1987
How Hot Is Hot? How Cold Is Cold?
April 1987


“How Hot Is Hot? How Cold Is Cold?” Friend, Apr. 1987, 41

Exploring:

How Hot Is Hot? How Cold Is Cold?

Did you ever burn your fingers on a hot potato? Did you ever wonder how hot or cold it is on the moon? A comfortable temperature for a home is about 70º F (21º C). A person’s body temperature is normally 98.6º F (37º C). Water boils at 212º F (100º C). The daytime temperature on the moon is about 273º F (134º C).

The feeling of heat is caused by the movement of atoms. Everything that we can see, smell, taste, or touch is made of atoms, particles so small that they can hardly be seen with the most powerful microscopes. Atoms are always in motion; the hotter a thing feels, the faster its atoms are moving.

The bodies of plants, animals, and people are made of atoms arranged in a special way. When we touch something hot, like boiling water, the water atoms are moving faster than the atoms in our bodies. They smack into us, and the arrangement of atoms in our flesh is damaged, and we are burned.

Metals are made of atoms that hold together very tightly. If aluminum is heated to 1220º F (660º C), its atoms move faster than in its normal state, and they break away from each other. The metal changes to a bright, hot, silvery liquid that pours like water.
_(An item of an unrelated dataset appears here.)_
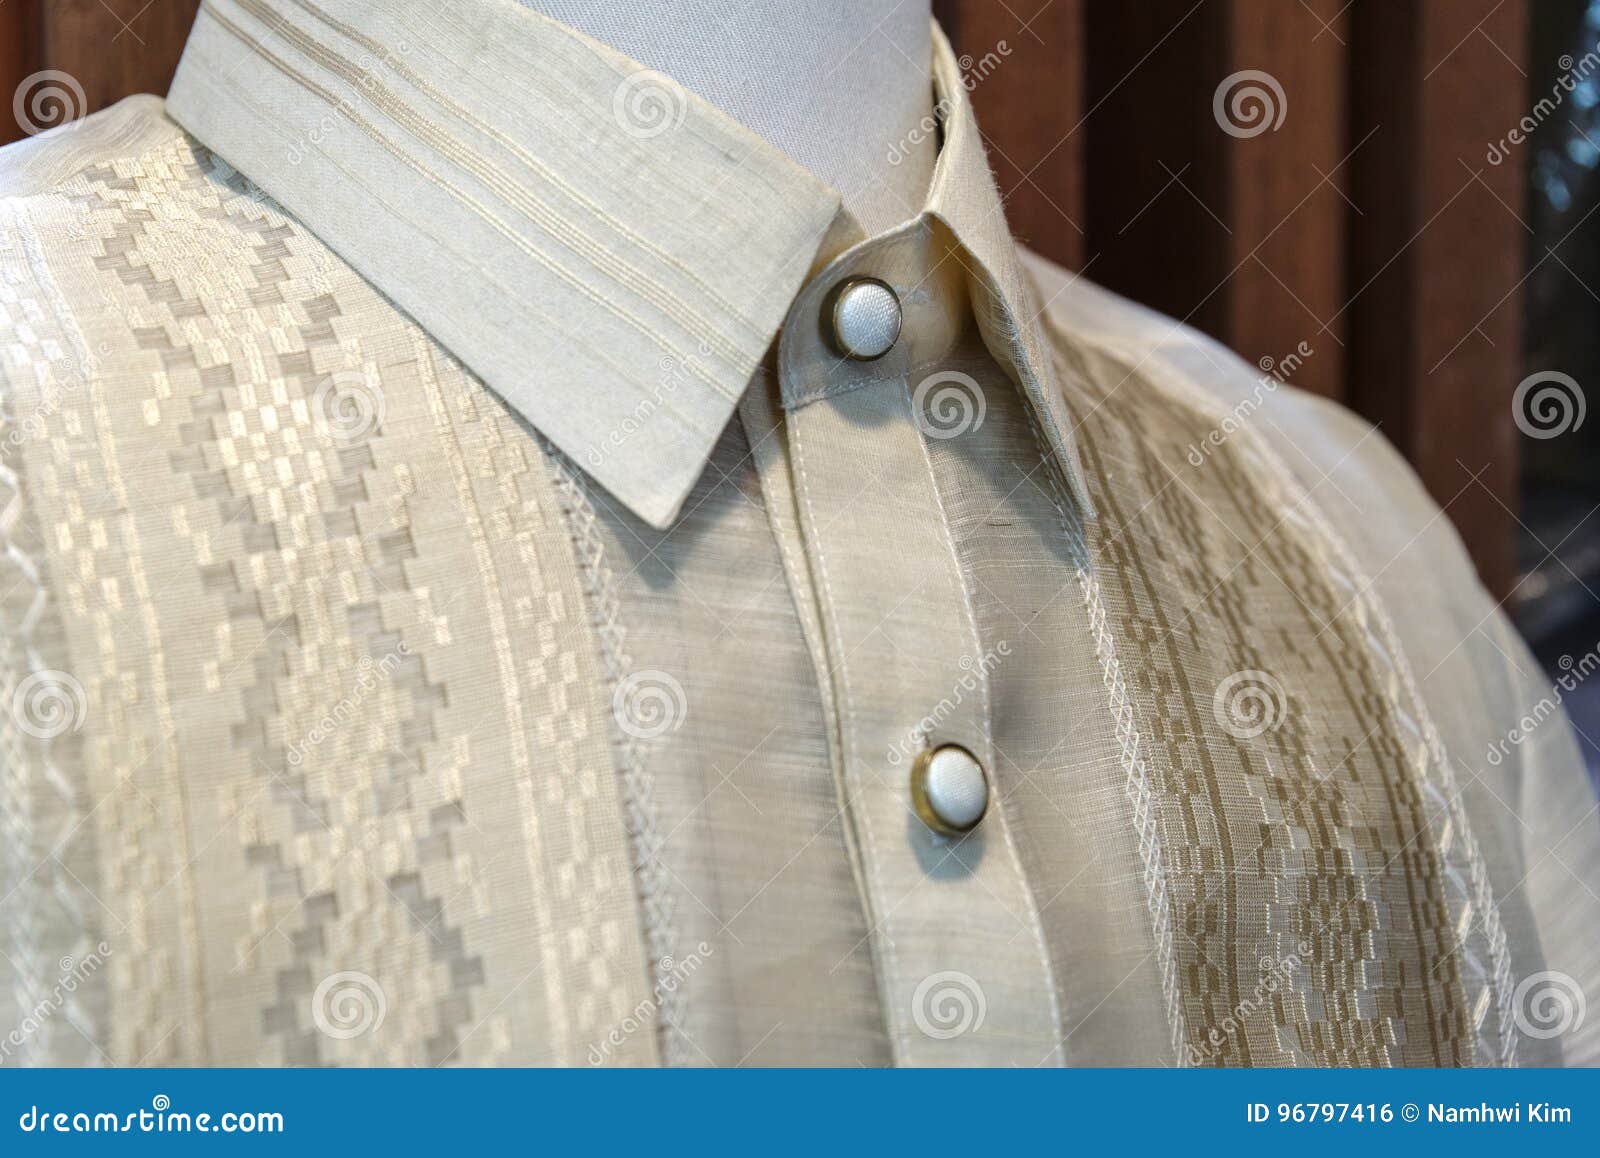 formal shirt and national dress barong tagalog

If this liquid aluminum is heated further to 3272º F (1800º C), it boils, and its atoms move so fast that they fly apart, become a gas, and go off into the air. Other metals require even higher temperatures to change. Iron melts at 2795º F (1535º C) and boils at 5432º F (3000º C).

Even these temperatures are not very high when compared to the heat of the sun. The surface of the sun is 10,832º F (6000º C). The hottest part of the sun is its center, which is about 27 million degrees Fahrenheit (15 million degrees Celsius)! This great heat is caused by nuclear fusion such as occurs in the explosion of a hydrogen bomb.

Astronomers tell us that sometimes a star will explode; for a few days or weeks it will outshine thousands of other stars combined. The temperatures of these exploding stars (suns) must be incredible!

The opposite of hot, of course, is cold. The slower a substance’s atoms are moving, the colder that substance will be. Things can be cooled to a very low temperature by slowing the motion of their atoms. When a person wants to heat something, a fire, a stove, or some other heat source is used. But how do you cool anything?

There is a very unusual liquid called freon, which boils at ordinary room temperature. As part of the liquid boils away, the remaining liquid becomes extremely cold. By using this unique property of freon, other substances, such as food in a refrigerator, can be cooled.

Very low temperatures are described as degrees below zero: they have a minus sign (-) before their numbers. The greater the number of degrees below zero, the colder a thing is.

At 32º F (0º C) water freezes. As water is cooled, the movement of its atoms is slowed down, and the atoms remain next to each other.

When air is cooled to more than -328º F (-200º C), its atoms are practically motionless, and the air becomes a liquid. Hydrogen is a gas that is used to inflate airborne balloons. When hydrogen is cooled past -418º F (-250º C), it changes to a liquid and can be used as part of the fuel for spaceships.

Scientists found that as a gas is cooled, it takes up less and less space. And they discovered that they could calculate how much space any gas will occupy at any temperature. Yet there was a mystery: If a gas reaches -459º F (-273º C), calculations show that it will not take up any space!

After a long time scientists found the answer: Before any gas can be cooled to -459° F (-273º C), it changes to a liquid or a solid, and the motion of atoms stops before reaching that magic, frigid number, which is called Absolute Zero.